ティツィアーノ・ヴェチェッリオの「イザベラ・デステ」には、「モデルを『よいしょ』しすぎた巨匠」というタイトルが付けられています。「実年齢で描かれることを望まなかったイザベラ(・デステ=ルネサンスを代表する才女)のため、60代にさしかかった実際の年齢よりも40歳ほど若い姿で描かれています。画家の『よいしょ』もすぎます。芸術の偉大なパトロンだっただけでなく、政治力にも長けていた才女イザベラ」。
ピーテル・ブリューゲル(父)の「農民の婚礼の踊り」は、「農民に温かい視線を注いだ絵・・・ではない」と断言しています。「『農民画家』として知られるブリューゲルですが、実際は都会で暮らした学識高い教養人でした。都会の富裕層から愚かな存在と見なされていた農民たちに対し、温かい視線を注いでいるのではなく、享楽的な彼らの姿を描いて反面教師にすることで、ブリューゲルの顧客層にとっては悪徳に対する戒めがテーマとなっているのです」。
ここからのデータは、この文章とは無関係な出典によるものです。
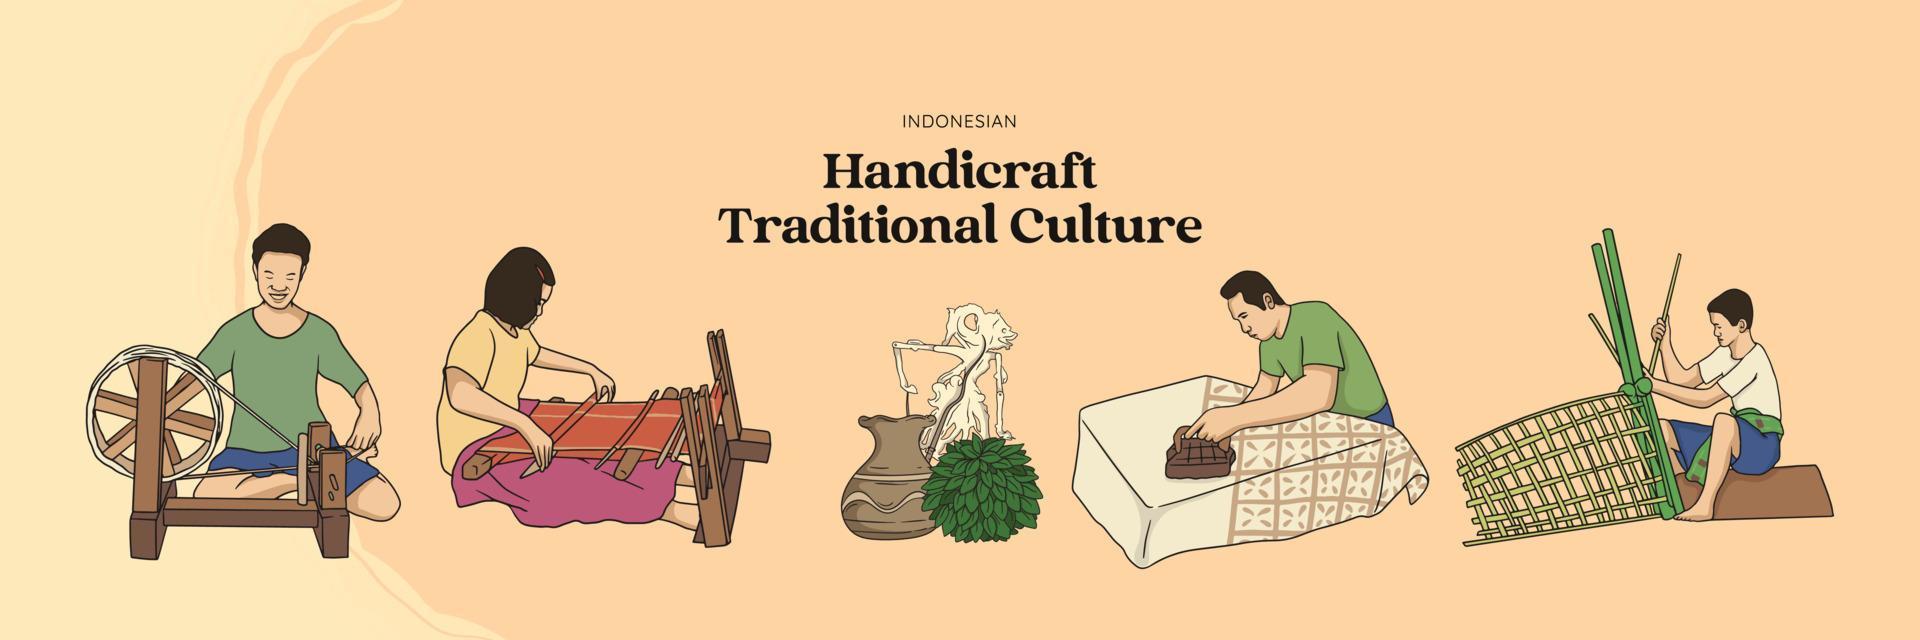 cultura tradicional de artesanato isolado mão desenhada. artesão tecelão, bambu e batik vetor

ジャン・フランソワ・ミレーの「晩鐘」のタイトルは、「創作された『敬虔で清貧な画家ミレー』神話」と刺激的です。「日本では聖人化されたミレーですが、本人は信仰心が篤かったわけではありません。祖母や母の葬儀にも出ることなく、最初の妻が病死してから1年も経たずに2度目の妻と同棲を始めています。画業が成功してからは美術品収集に精を出し、地元の農民たちとつき合うこともありませんでした」。
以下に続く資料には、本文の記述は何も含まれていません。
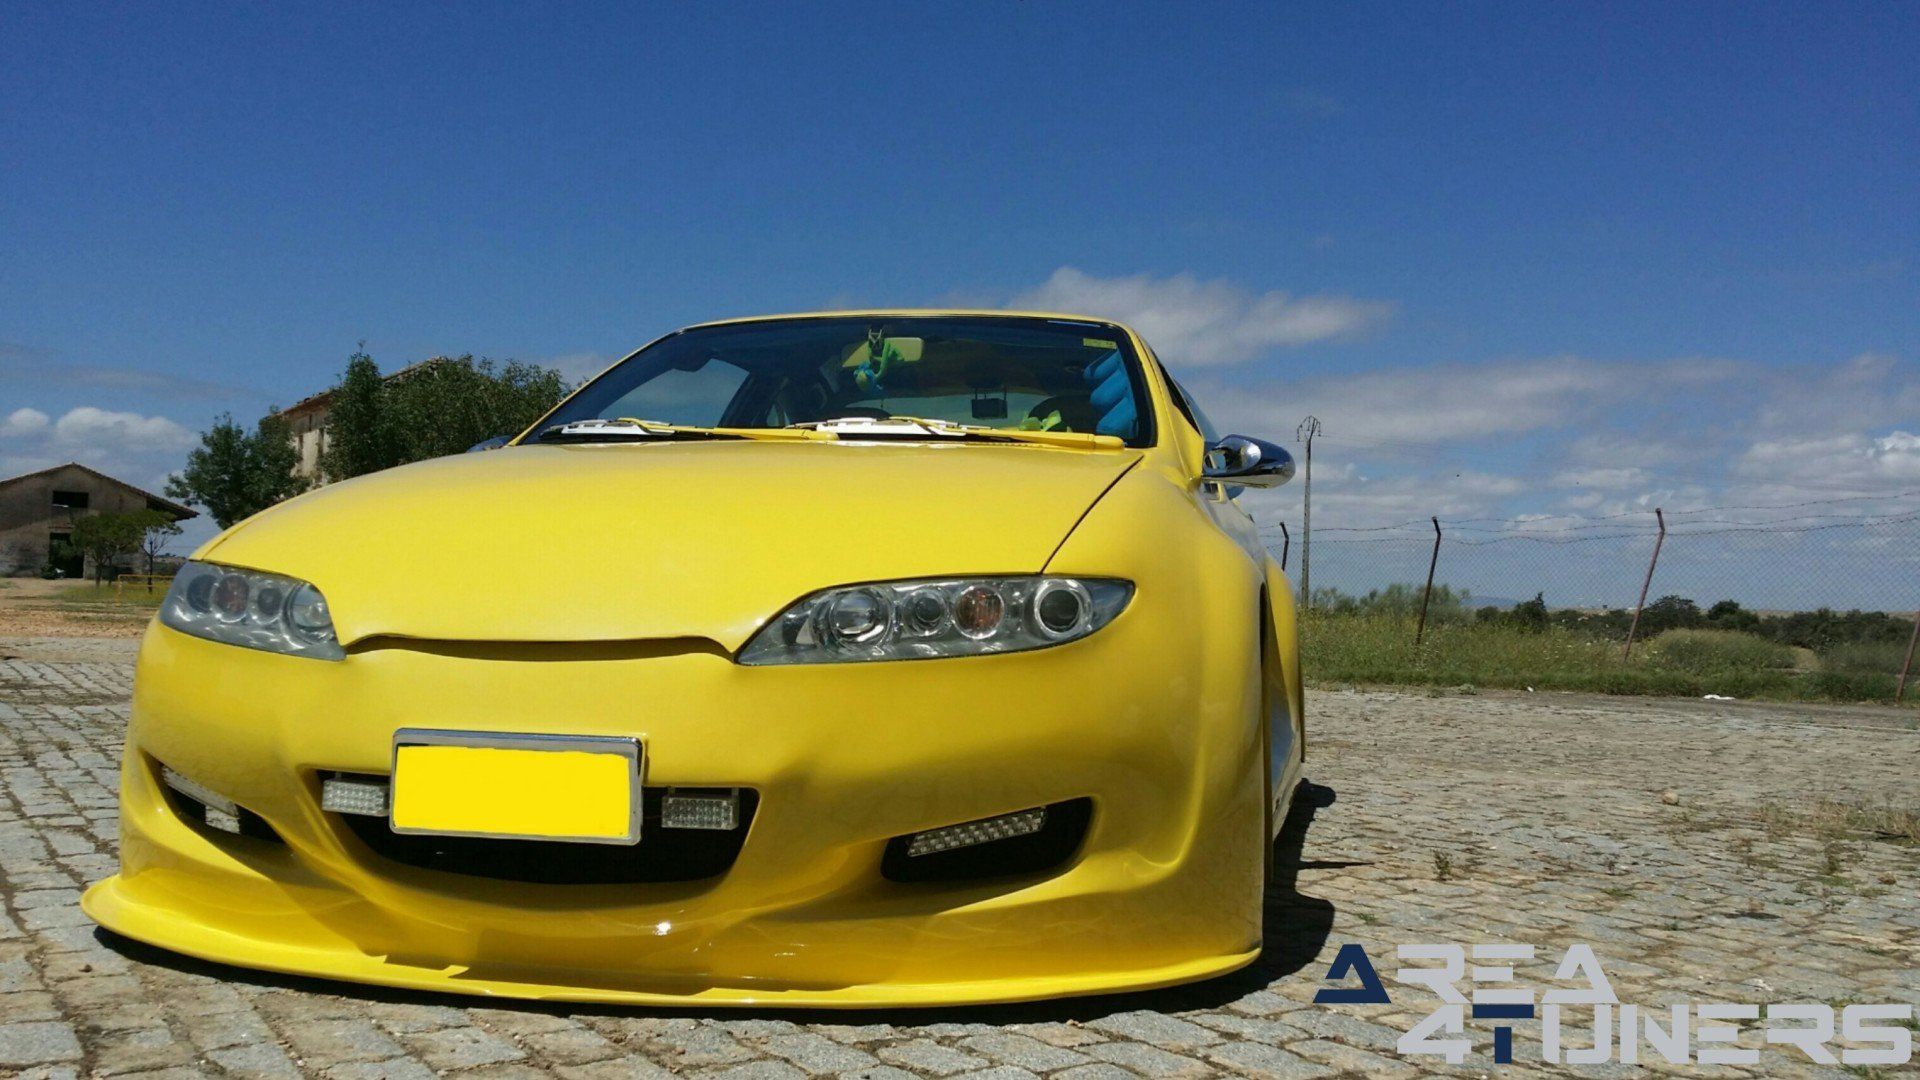 Imagen del reportaje sobre coche Tuning, en la revista líder Area4tuners.es sobre un Renault Megane

ヤン・ステーンの「農民の婚礼(欺かれた花婿)」は、「婚礼の場には相応しくない『寝取られ』を描写」したものだというのです。「新婦の前の床に散らばった花々は、すでに彼女が純潔を失っていることを表します。新婦の後ろで『内緒』のポーズを取る男がお相手だったのでしょう。花婿の頭上には二股の角がぶら下がっていますが、角は『寝取られ男』を意味しているのです」。
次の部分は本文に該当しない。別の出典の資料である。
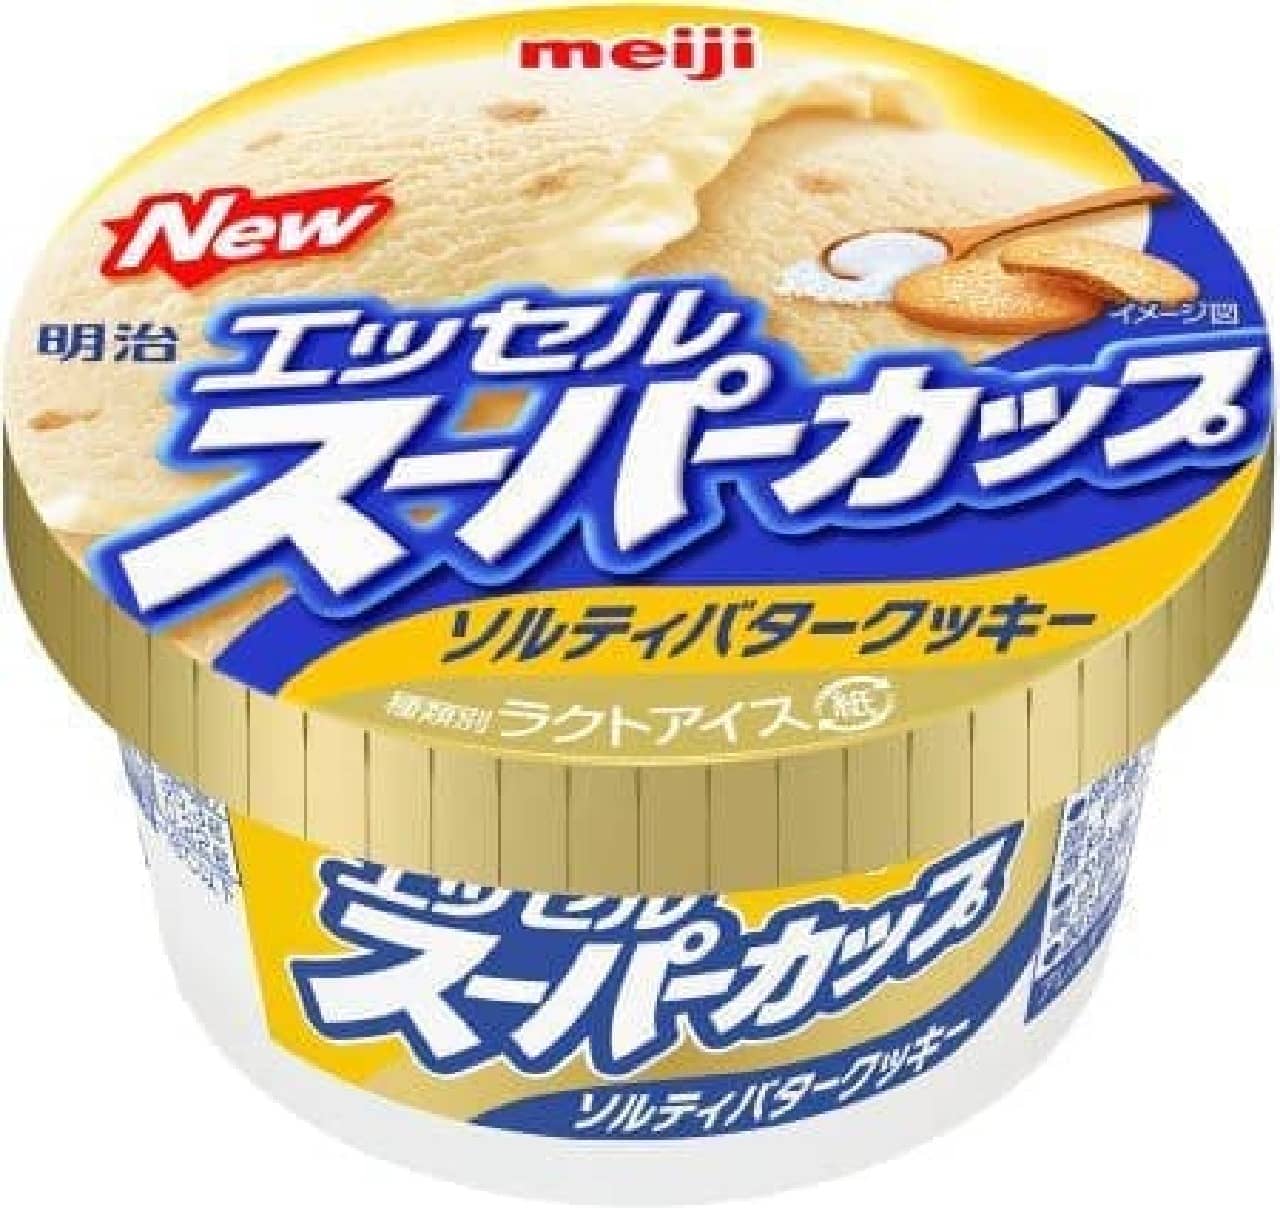 Meiji Essel Super Cup Salty Butter Cookies

ヘラルト・テル・ボルフの「父の訓戒」に描かれているのは、「文豪ゲーテさえも勘違いした偽りの父娘」だと言い放っています。「ゲーテでさえ、父親が娘を叱責している場面だと思い込んでいたのです。しかし、どう見ても男は娘の父親としては若すぎます。この絵の舞台は売春宿です。したがって2人は親子ではなく、めかしこんでやってきた客の兵士と値段交渉されている娼婦です。グラスを傾けているのは、17世紀オランダ風俗画の人気(?)キャラクターである取り持ち女なのです」。
ヨハネス・フェルメールの「リュートを調弦する女」は「なぜ窓辺で調弦しているか、その意味とは?」と問いかけています。「窓辺でリュートを調弦しながら、窓の外に視線を向けている女が描かれています。来客を心待ちしているのが明らかです。伝統的にリュートは女性の性器を象徴し、楽器の演奏自体は性行為を示唆します。つまり、音楽の楽しみは性行為同様に一時の快楽を意味し、その虚しさを説き快楽に対する節制を促していました。絵の中には別の楽器ヴィオラ・ダ・ガンバも描かれていますが、待ち人が到着してから2人がおこなったのは、楽器の演奏だけではないことを表しています」。
著者の主張を素直に信じていいのか、まだ戸惑っている私です。